Consider the fortunes of Graduated Assistants United at URI:
* Last April, students voted, 190 to 20, to be represented by the American
Association of University Professors, the union that represents the URI
faculty.
* Not content to wait the months and perhaps years it takes to hash out any
first contract, URI administrators readily agreed to an interim pact,
immediately granting salary hikes, health coverage, and free parking.
Contrast that with the experience of the Brown Graduate Employees
Organization:
* The December 2001, votes cast by Brown students about whether to be
represented by the United Auto Workers were impounded before they could be
counted, because the university appealed the unionization issue to the National
Labor Relations Board.
* Students now are in a long-term legal waiting game with little information
on when the NLRB may rule. In the meantime, Sheyda Jahanbani, one of the
student organizers, says discussion-type classes are increasing to about 30
students, compared to more manageable 15-student sections.
Why the difference? One startling contrast is the role of the two
presidents.
URI President Robert L. Carothers has taken a positive stance, telling the
state Board of Governors of Higher Education that URI has no objections to the
union.
In an interview last week, Carothers says there was widespread support on the
campus, because improving working conditions might help URI recruit and retain
top-level graduate instructors and researchers.
Also, Carothers says the university's experience with other unions, including
the faculty union, has been positive. "People have a tendency to say that a
labor contract is somehow foisted on you," he says. "But when you negotiate a
contract between parties, the contract belongs to both parties and in many
ways, it resolves things people may fight about."
At Brown, President Ruth J. Simmons's opposition stunned union backers who
thought she would sympathize with their complaints about difficult working
conditions, including low wages of about $14,000 annually. But, as previously
reported (see "Illiberal education," News, December 13, 2001), Simmons has
taken the lead in trying to keep the union out.
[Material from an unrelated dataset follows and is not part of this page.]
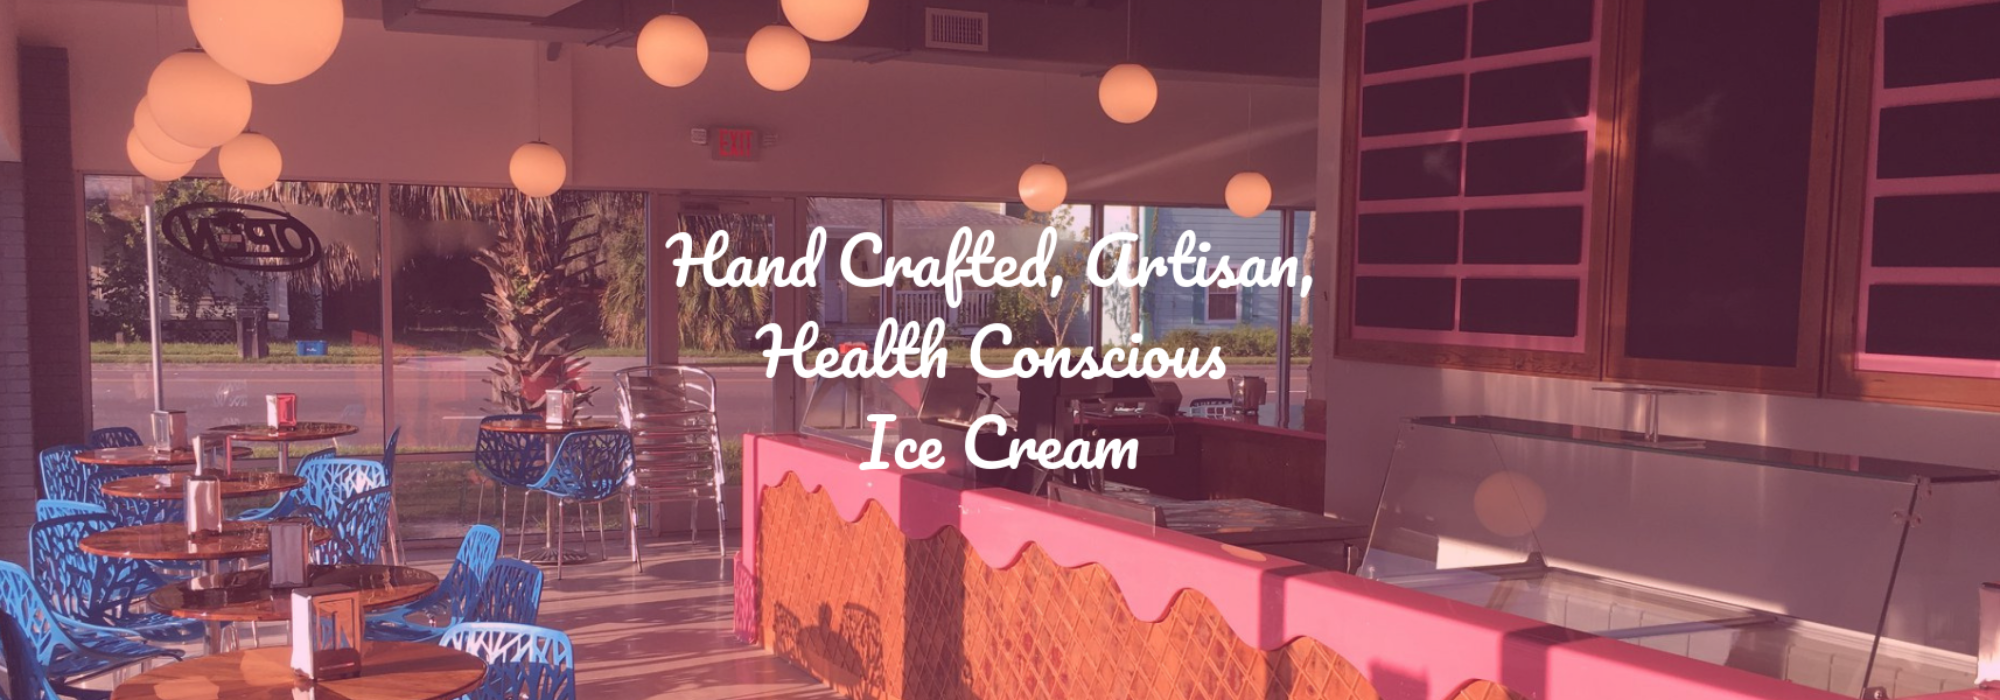 http://hoggetownecreamery.com/wp-content/uploads/2019/08/Hand-Crafted-Artisan-Health-Conscious-Ice-Cream-2000x700.png

Frank R. Annunziato, executive director of URI's AAUP unit, says the vastly
different reactions of Brown and URI are partly explained by differing legal
situations. As a private institution, Brown is covered by the federal NLRB,
which only recently ruled teaching assistants can be unionized. URI is governed
by more liberal state laws.
From his vantage point at URI, Annunziato is as surprised as anyone at
Simmons's position at Brown. "She's a marvelous person, and that's why this is
something," he says. "She shouldn't be doing this. She should be walking with
them [the students]."
But Mark M. Nickel, head of the Brown news bureau, says Simmons's and the
university's stances are based on academic principle. Brown requires most of
its grad students to teach as part of their training, he says, and thus a union
would be negotiating academic requirements.